One in three banks ignoring core systems, just 6% prioritising IT security: Capgemini
Despite increasing security threats and competitive pressures, a Capgemini straw poll of banking and financial services executives has found one-third aren't modernising their systems and just 6% are enhancing their IT security.
More than one-third of banking and financial services organisations are doing nothing to revise their core operational and payment systems – and just 6% are prioritising IT security – despite increasing competitive pressures and demand for towards real-time processing, a survey of banking executives has found.
The Capgemini survey – conducted amongst a live audience at FST Media’s recent Future of Banking & Financial Services conference – found that while 21% said systems modernisation was their top corporate priority, fully 36% said it was “not on the agenda”. A further 18% each said it was a top-three and top-ten priority, while 6% said it was a priority for individual business units only.
Members of the hundreds-strong audience were invited to respond to a series of survey questions about their technology priorities, with 41% saying that the implementation of multi-channel delivery capabilities was top on their list.

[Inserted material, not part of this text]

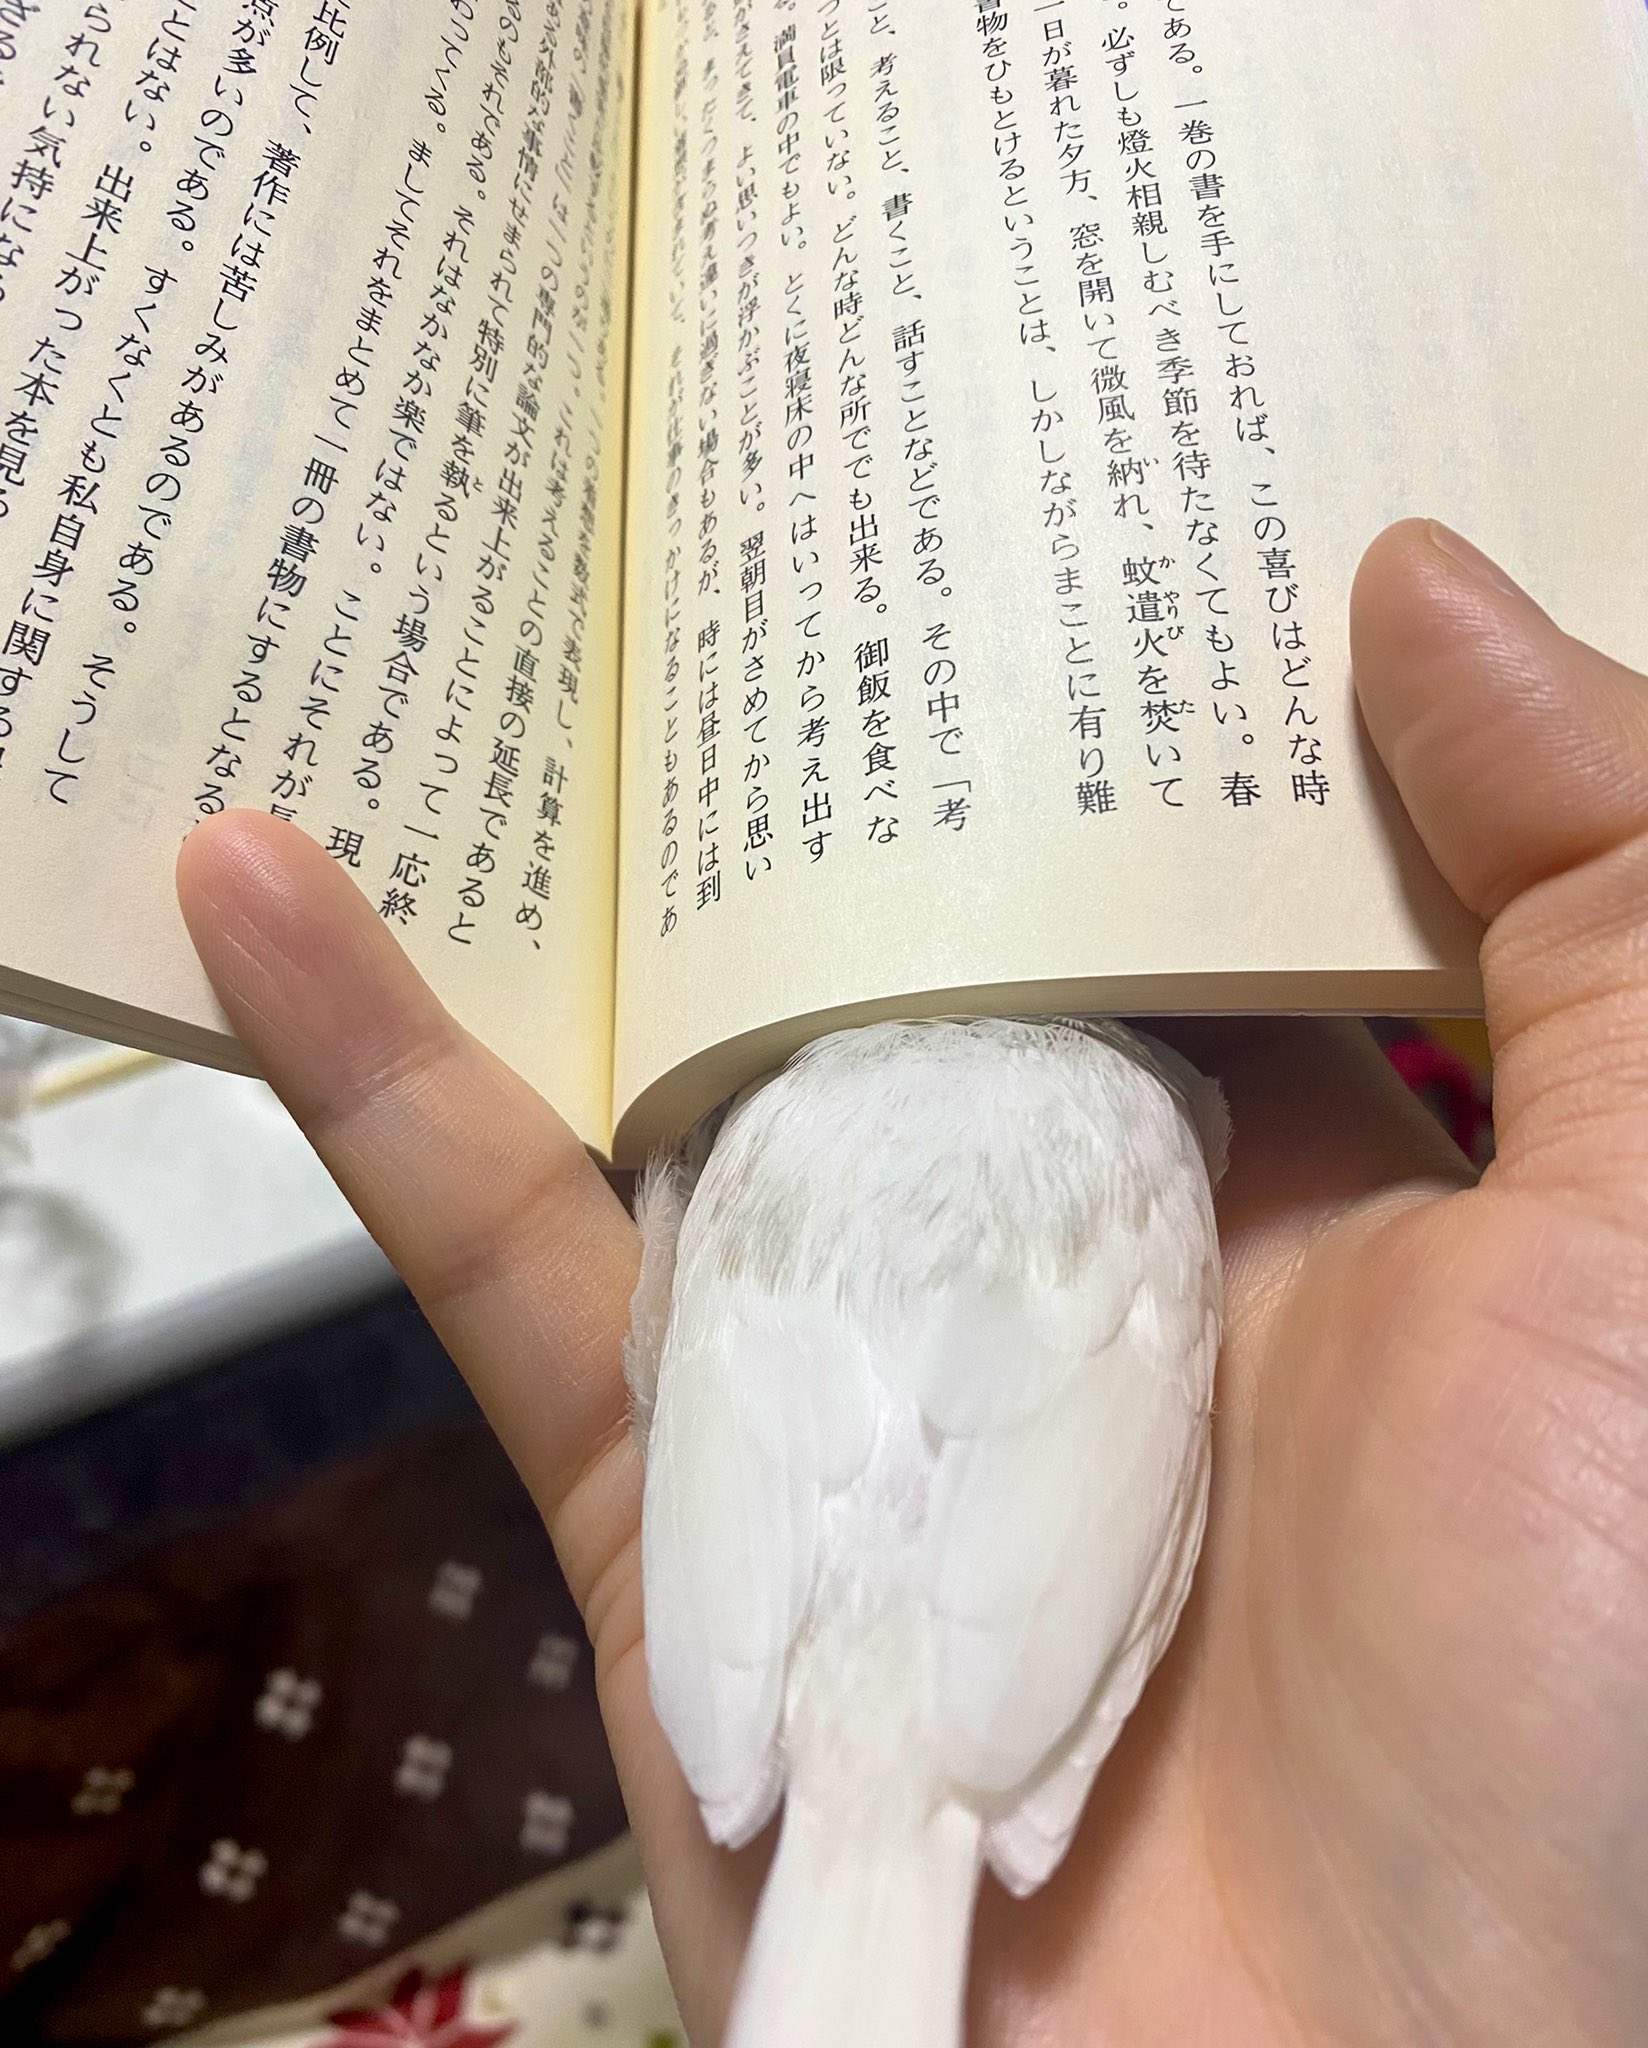 クリスティーヌ ヨーコ 白文鳥 を 探してます 背中に灰色の毛が少しあります 東京都 五反田 にて22年４月13日 水 に 文鳥 を 迷子 にしました 拡散 いただけると幸いです T Co Gn6kfuuhws Twitter
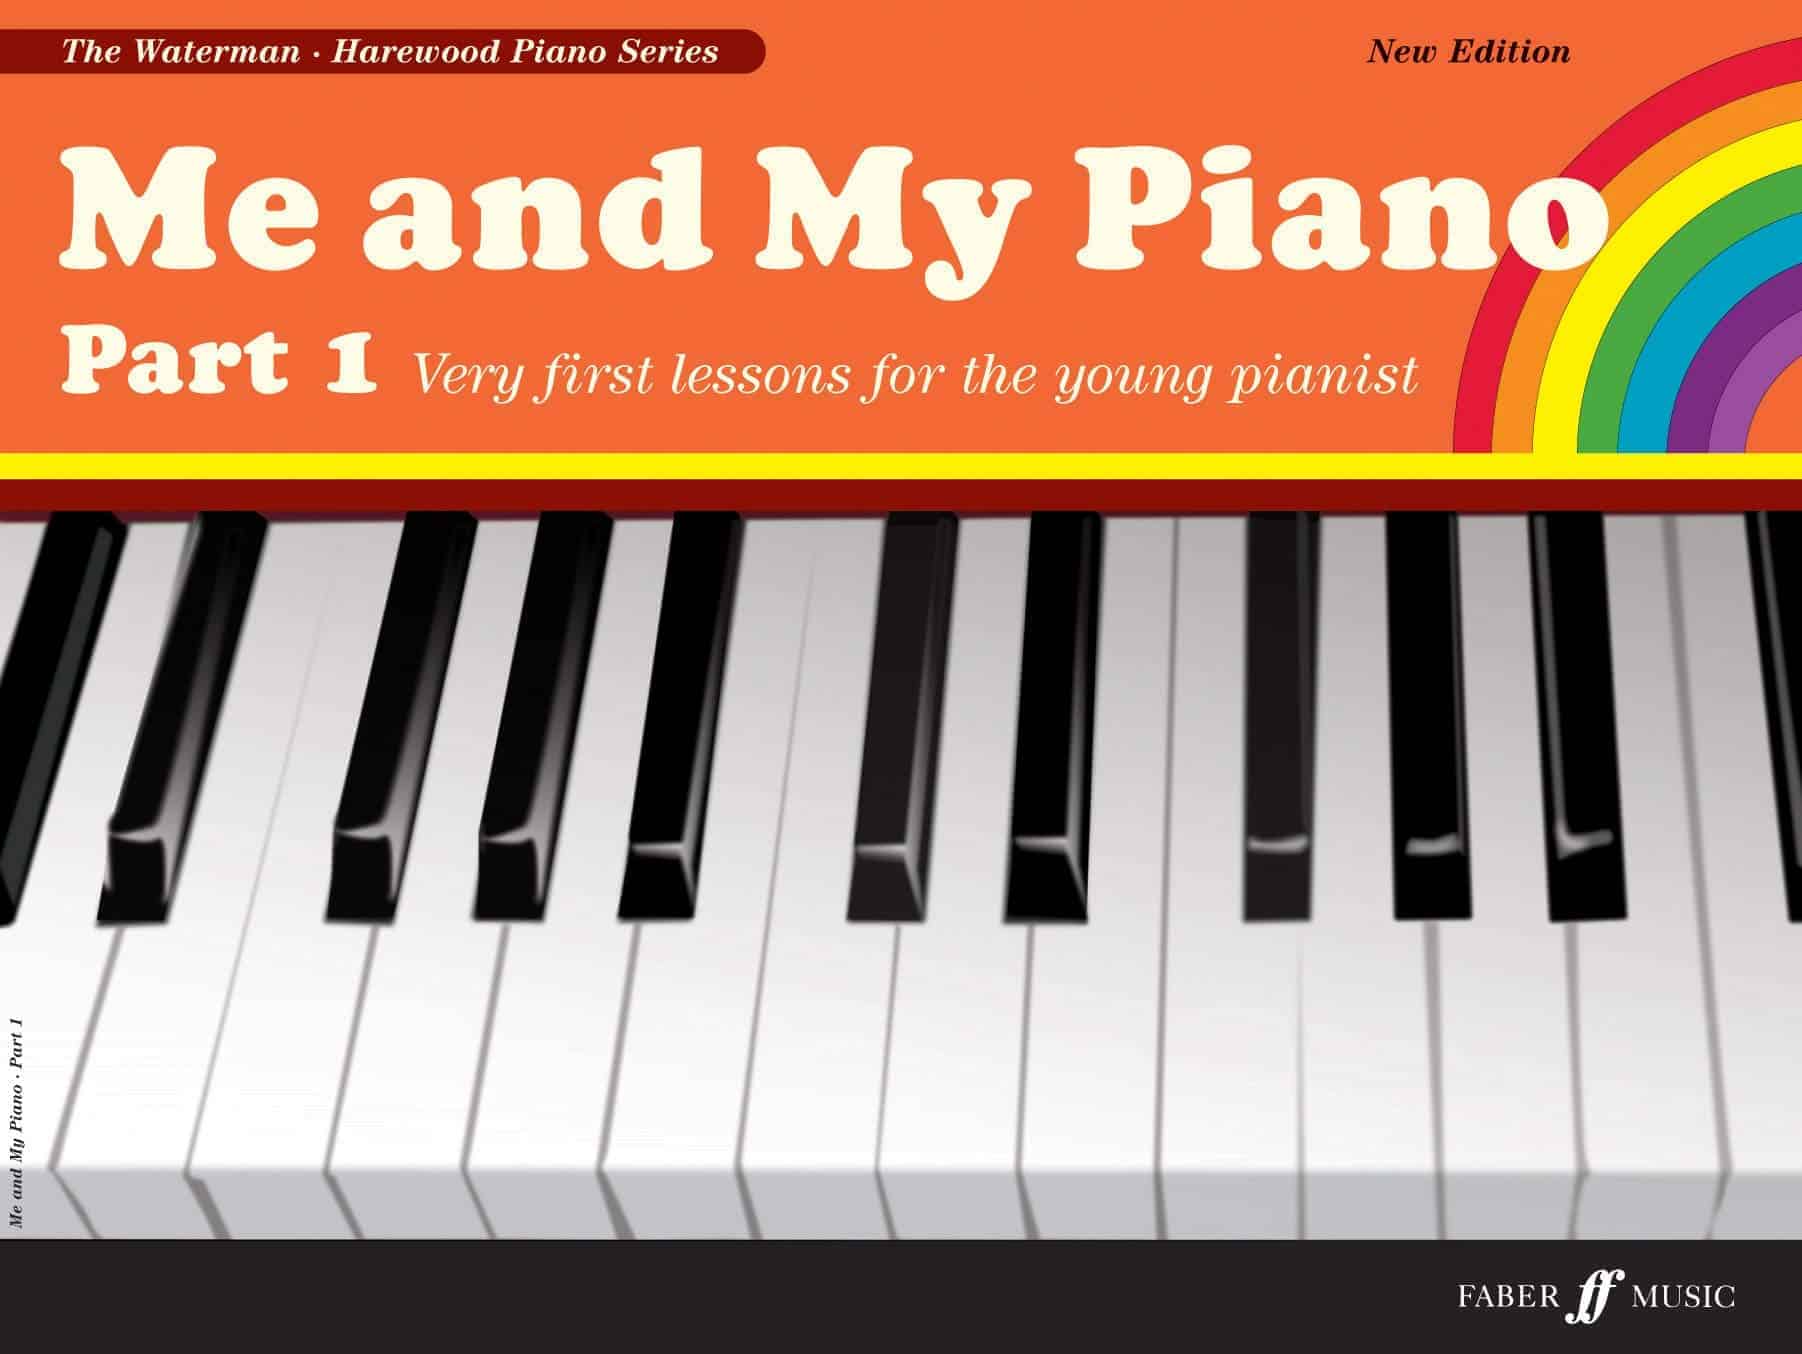 z-ruka-ext-zy-ko-a-best-piano-books-for-beginners-rozdeli-lingvistika

Just 24% indicated they were focused on overhauling core systems, 9% were upgrading online customer portals, and only 6% were busy enhancing their IT security.
This last figure may surprise many given that security was broadly flagged as a key focus for increasingly-online banks going forward.
“Security is absolutely essential, particularly given the increasing levels of cybercrime and our operations in 32 countries with demanding regulatory bodies,” Anne Weatherston, CIO of top-four Australian and Asia-Pacific financial giant ANZ Bank said at the event.
“We’re in a major plan to modernise the bank, and even though it will complete in 2014 the reality is that the growing nature of cybercrime will necessitate a sustained and continuous investment in this area.”
Asked about the challenges they faced in delivering a multi-channel customer experience, participants flagged a number of different concerns. Aging bank technology was a problem in 35% of environments, while new channels and time-to-market pressures were flagged by 28%.
Trends for initiatives to be siloed within business lines were named as a challenge by 22% of respondents, while competing channels and channel profitability were relatively low concerns with 9% and 7% responses, respectively.
Those issues reflected a growing need for continuous technological change amongst banks and financial services providers.
The future “will demand that the organisation sees and accepts the imperative to change,” Weatherston said, “and can organise and execute that. The skills required to architect and build this proposition will be very different from the skills for business and banking technological skills.”
Mobile banking strategies remained a source of considerable focus, with one in five respondents working to build new mobile apps. This reflects a growing interest in the use of mobile banking to improve customer service or, in the case of some progressive banks, as the primary method of customer interaction.
Mobiles were seen by 43% of respondents as conduits for targeted offers or information, while 20% said they would use mobiles to engage customers through social-media channels. Just 11% flagged the value of mobiles for workforce collaboration, and only 6% were interested in using mobiles to track customer behaviour.
Asked about their priorities for the year ahead, data analytics (45%) and the use of mobiles and digital wallets (39%) were by far the dominant priorities, with biometrics (7%), videoconferencing (5%) and gamification (5%) taking up the rear.
Finally, surveyed banks were broadly optimistic about the potential for new online channels to increase revenues, with 65% indicating they new revenue sources to be material; conversely, just 20% said they expected revenues to decrease because of new competitors.